**AVAILABLE DATA:**

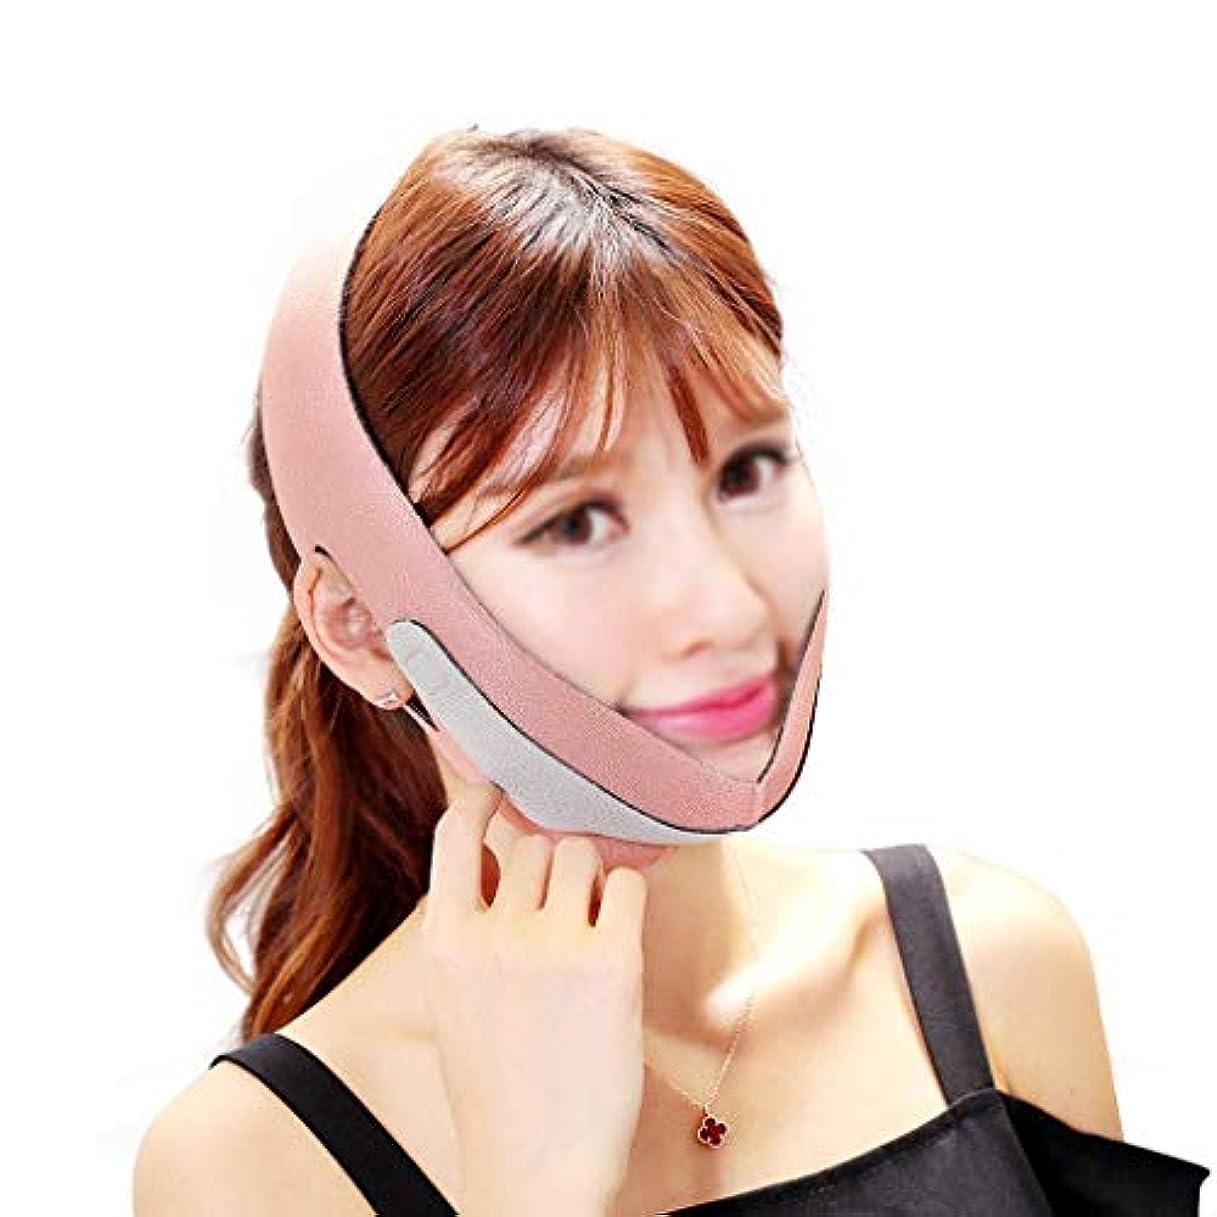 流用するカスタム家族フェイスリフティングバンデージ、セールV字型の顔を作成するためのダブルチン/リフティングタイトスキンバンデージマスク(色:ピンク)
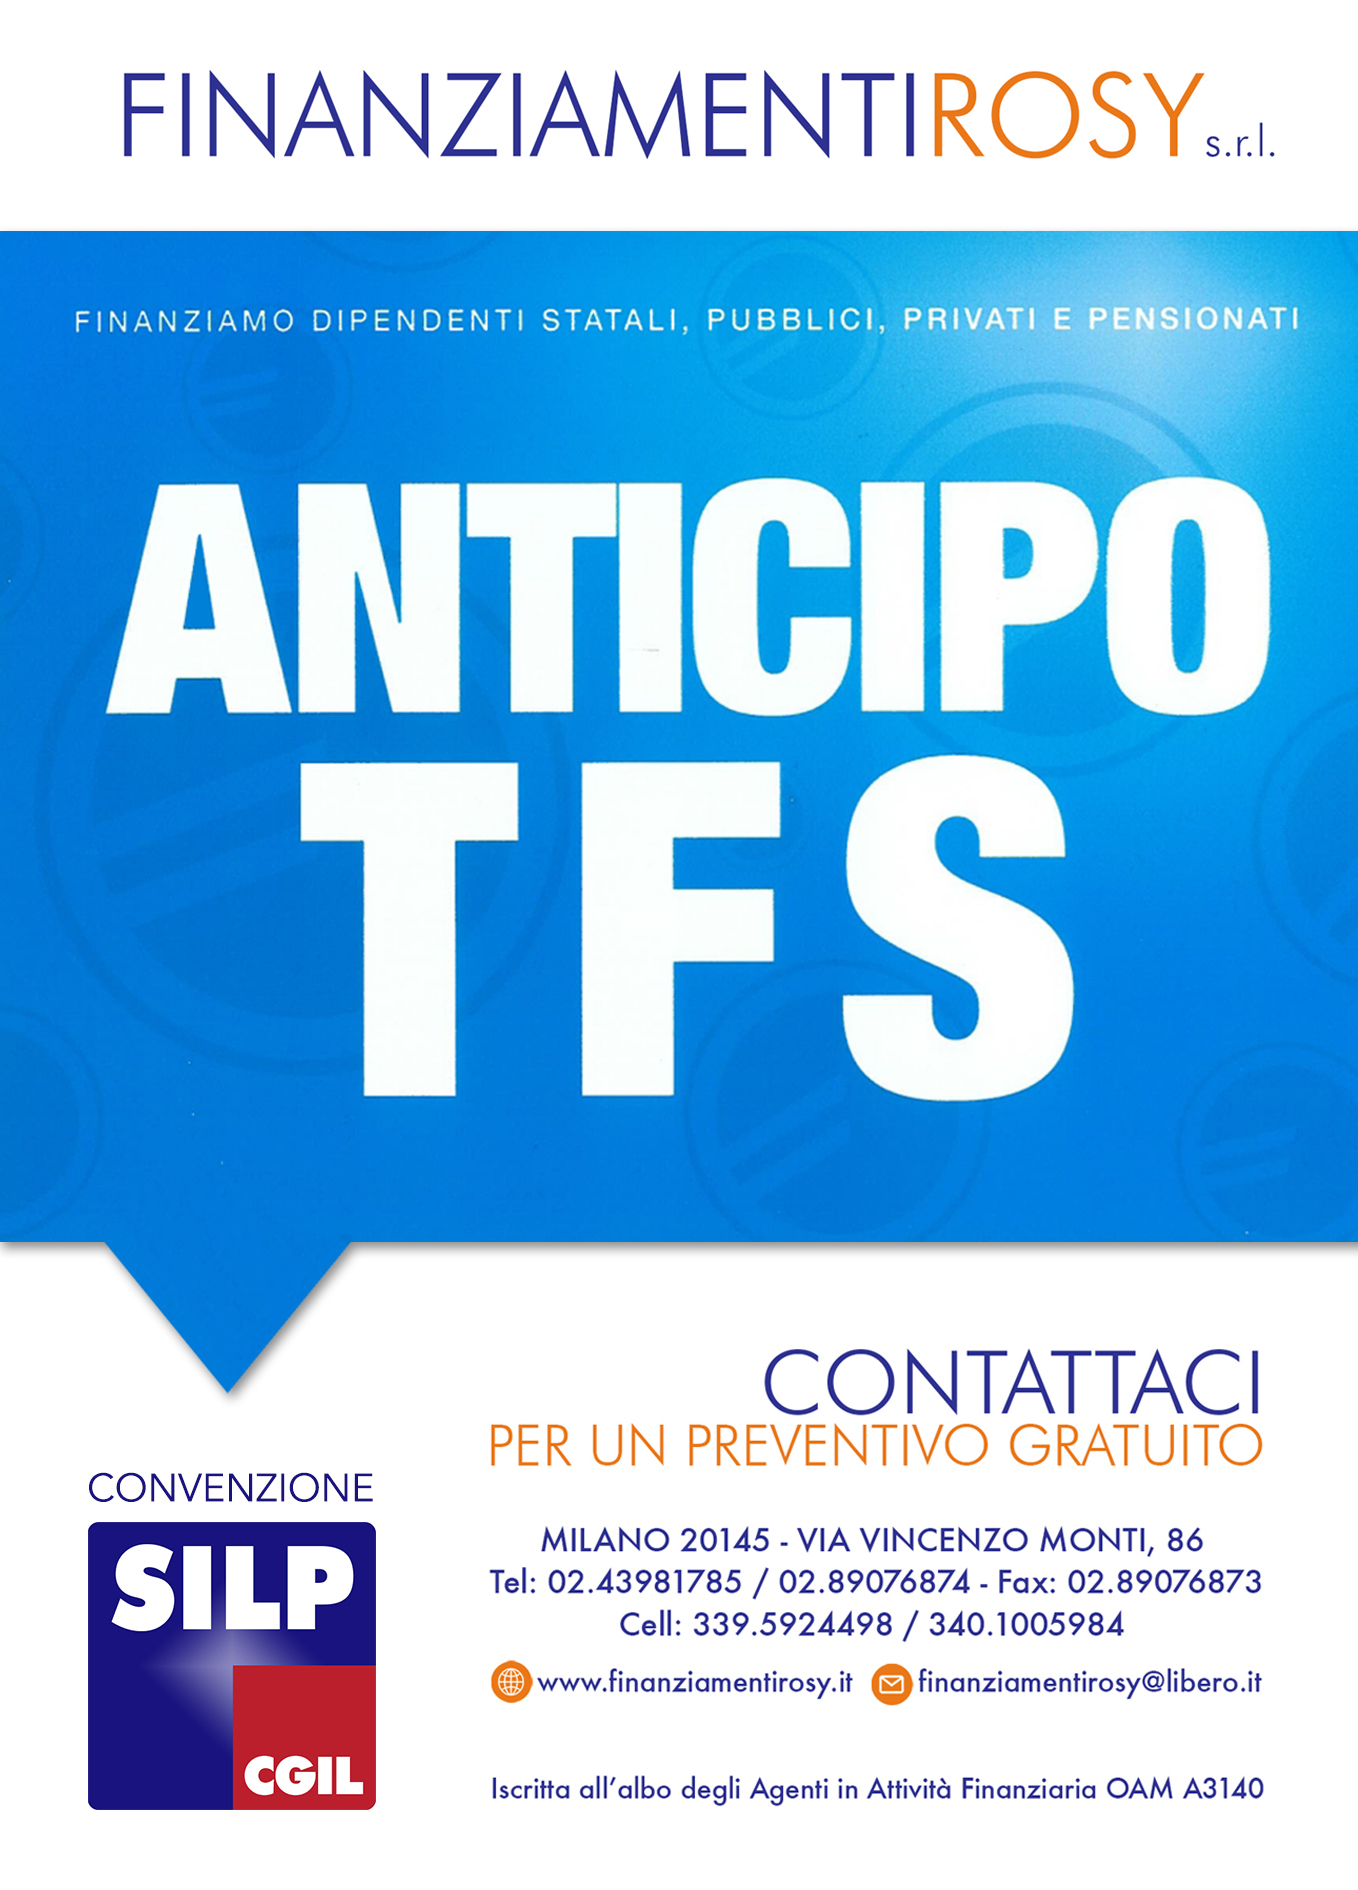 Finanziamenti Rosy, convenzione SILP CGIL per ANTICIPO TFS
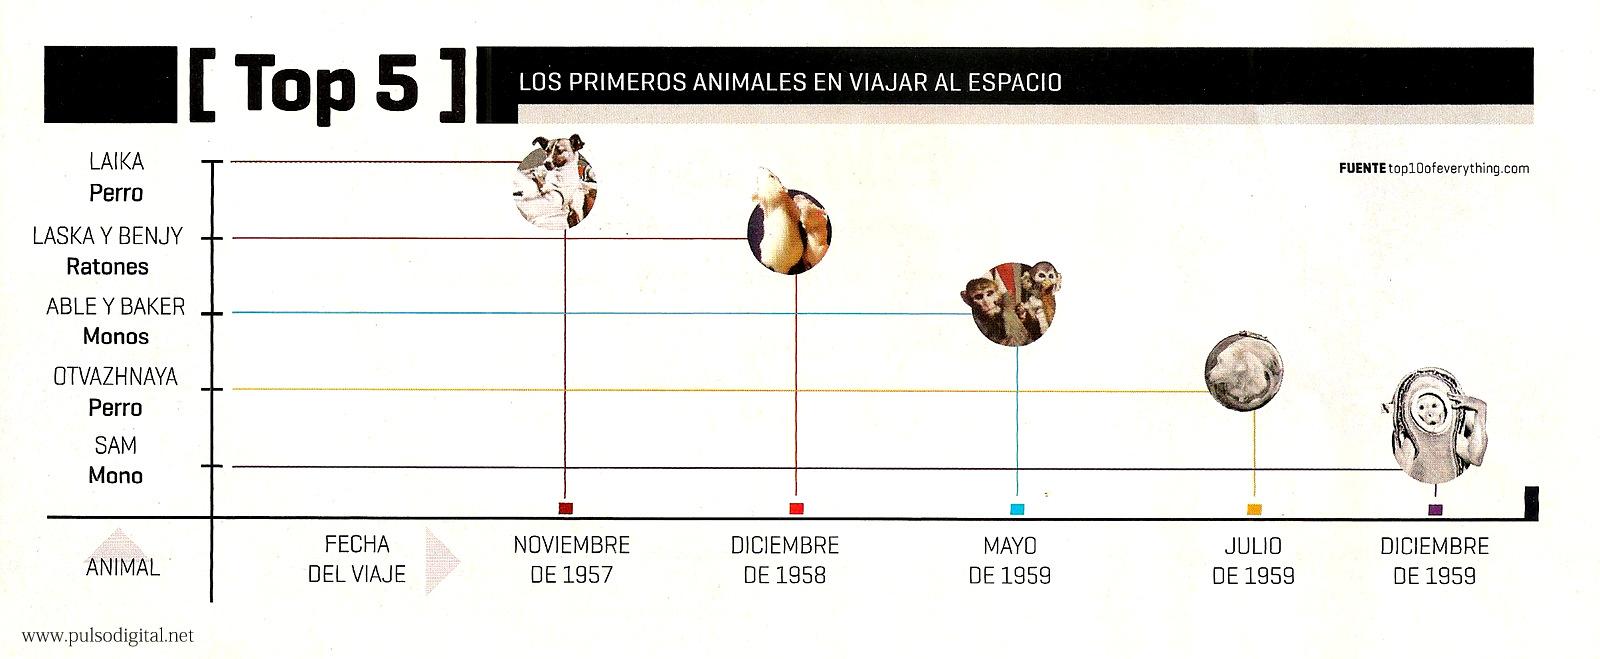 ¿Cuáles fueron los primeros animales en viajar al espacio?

**PROBLEM:** This exercise asks for the data above to be given again exactly, without pictures.

**EXERCISE RESULT:**
 流用するカスタム家族フェイスリフティングバンデージ、セールV字型の顔を作成するためのダブルチン/リフティングタイトスキンバンデージマスク(色:ピンク)
 Finanziamenti Rosy, convenzione SILP CGIL per ANTICIPO TFS
 ¿Cuáles fueron los primeros animales en viajar al espacio?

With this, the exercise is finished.